D. Zhang, T. Cheng, Q. Zhao, J. Xu, G. Liu, Org. Lett., 2014, 16, 5764-5767.
A nickel-catalyzed hydroxysulfonylation of alkenes using sodium sulfinates under air enabled the selective synthesis of β-hydroxysulfones in good yields and suppressed the formation of β-ketosulfones. On the contrary, sulfonylation of alkynes with sodium sulfonates afforded only β-ketosulfones.
N. Taniguchi, J. Org. Chem., 2015, 80, 7797-7802.
An efficient one-pot multistep strategy comprising auto-oxidative difunctionalization of alkenes, oxidation of sulfides, and a further reduction of peroxides enables the synthesis of complex β-hydroxysulfone derivatives from thiophenols and alkenes. This method offers readily available substrates, low-cost and environmental benign reagents, nontoxic and renewable solvents, and mild reaction conditions.
Y. Wang, W. Jiang, C. Huo, J. Org. Chem., 2017, 82, 10628-10634.
The photoredox catalyst fac[Ir(ppy)3] enables the synthesis of β-hydroxysulfones from sulfonyl chlorides and styrenes in the presence of water by a visible light mediated atom transfer radical addition (ATRA)-like process. This process could be combined with the visible light mediated synthesis of trifluoromethylated sulfonyl chlorides via an ATRA reaction between alkenes and CF3SO2Cl utilizing [Cu(dap)2Cl] as photoredox catalyst.
S. K. Pagire, S. Paria, O. Reiser, Org. Lett., 2016, 18, 2106-2109.
The reaction of p-toluenesulfonylmethyl isocyanide (TosMIC) with α-bromocarbonyl compounds efficiently provides α-sulfonated ketones, esters, and amides. TosMIC acts as the sulfonylating agent initiated by a Cu(OTf)2-catalyzed hydration to form a formamide intermediate, which undergoes facile C-S bond cleavage under the mediation of Cs2CO3.

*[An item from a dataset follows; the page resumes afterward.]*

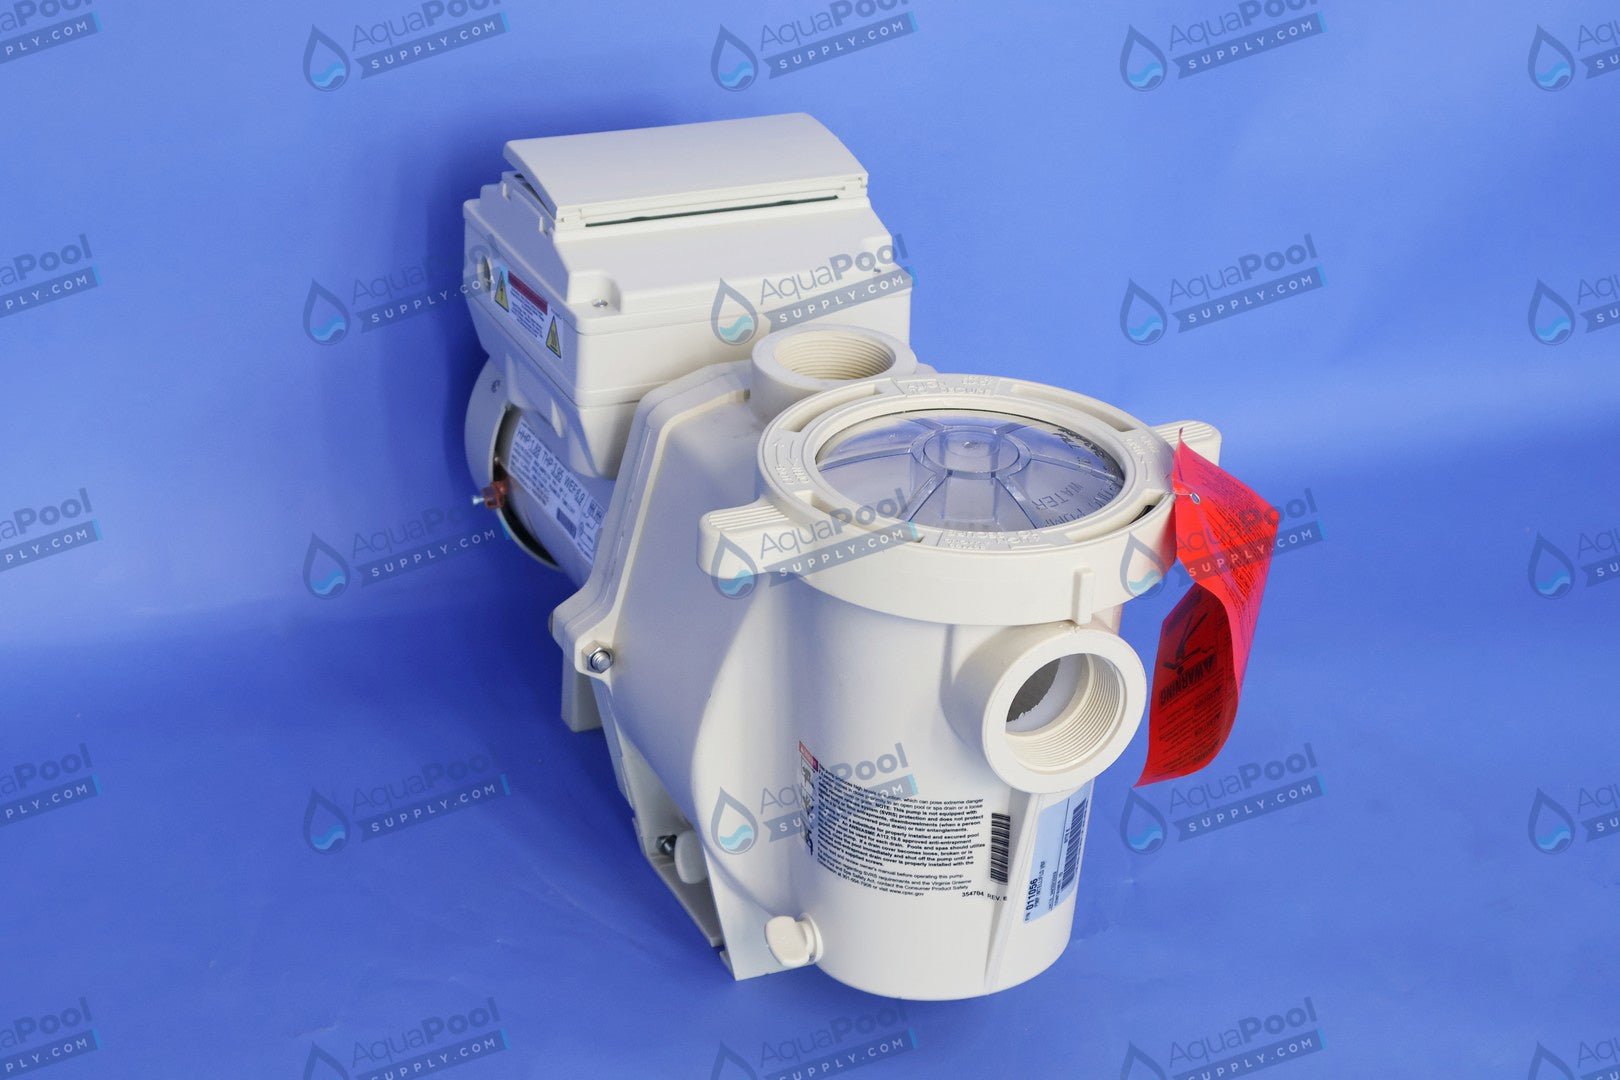 Pentair IntelliFlo® Variable Speed Pump EC-011028 (011056) - Variable Speed Pumps - img-5

J. Chen, W. Guo, Z. Wang, L. Hu, F. Chen, Y. Xia, J. Org. Chem., 2016, 81, 5504-5512.
An efficient cobalt-catalyzed reductive coupling reaction of alkyl halides with alkenes bearing electron-withdrawing groups in the presence of water and zinc powder in acetonitrile gave the corresponding Michael-type addition products in high yields. The mechanism is discussed.

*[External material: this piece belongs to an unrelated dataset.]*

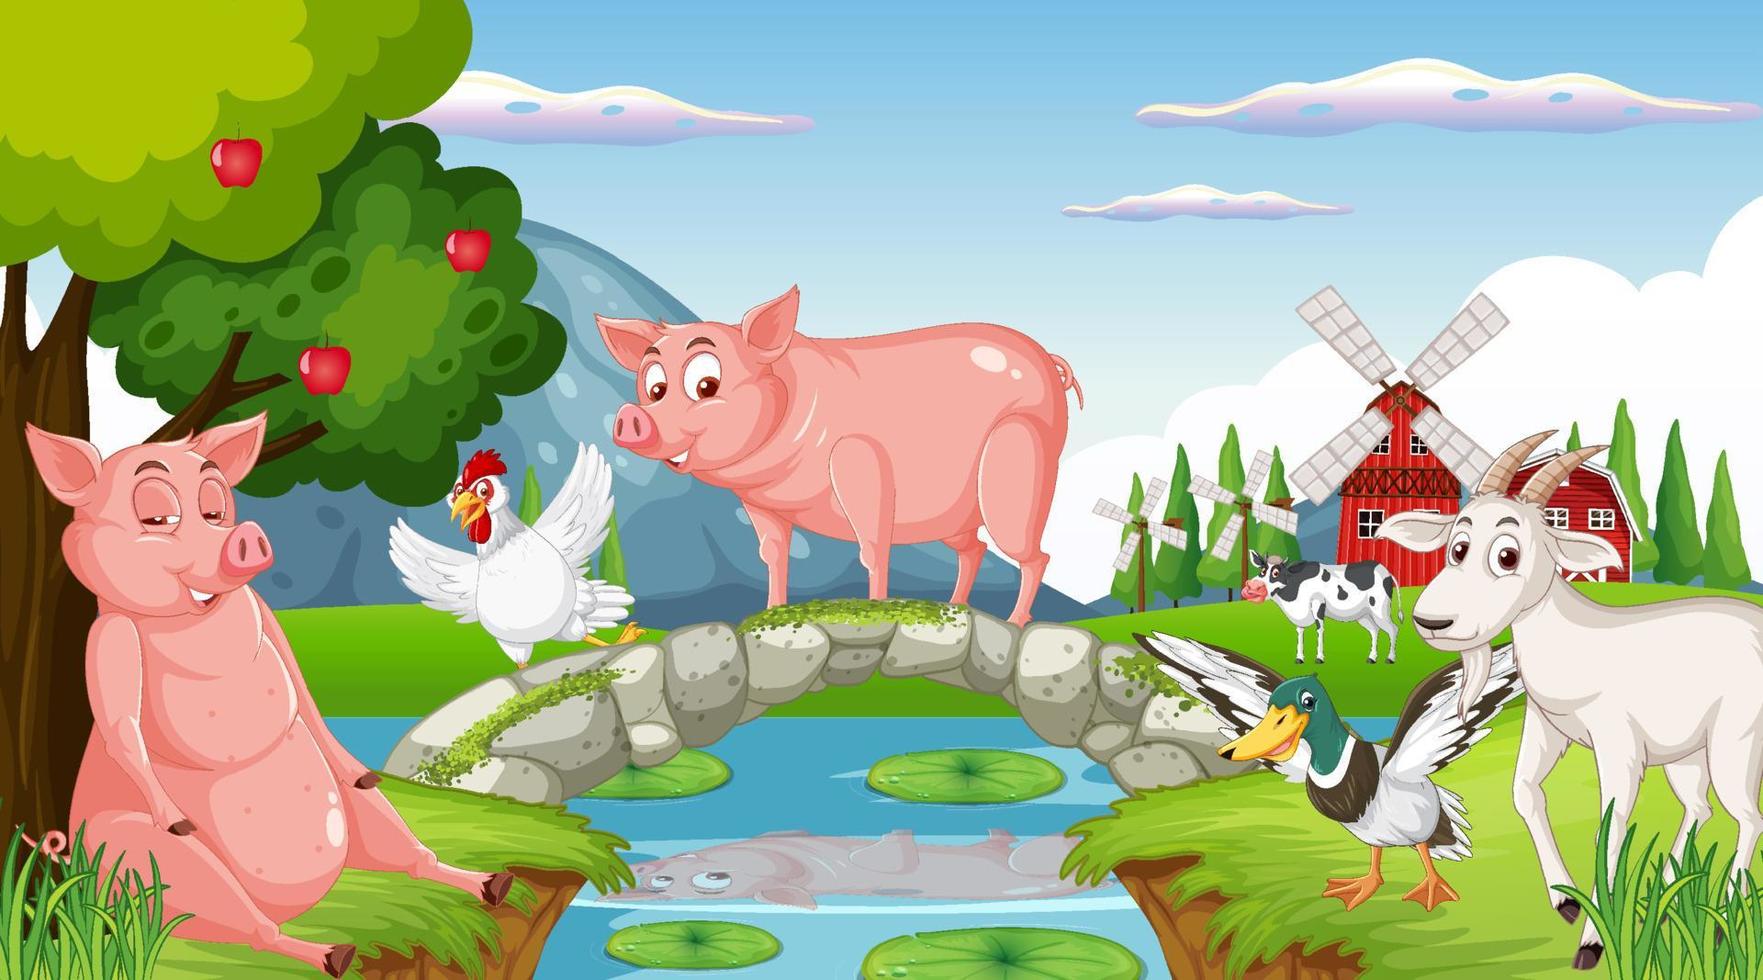 sfondo di fattoria con animali felici vettore

P. Shukla, Y.-C. Hsu, C.-H. Cheng, J. Org. Chem., 2006, 71, 655-658.
A Zn/CuI-mediated coupling of alkyl halides with vinyl sulfones, vinyl sulfonates, and vinyl sulfonamides is described. Formamide is a superior solvent for obtaining high yields.
M. M. Zhao, C. Qu, J. E. Lynch, J. Org. Chem., 2005, 70, 6944-6947.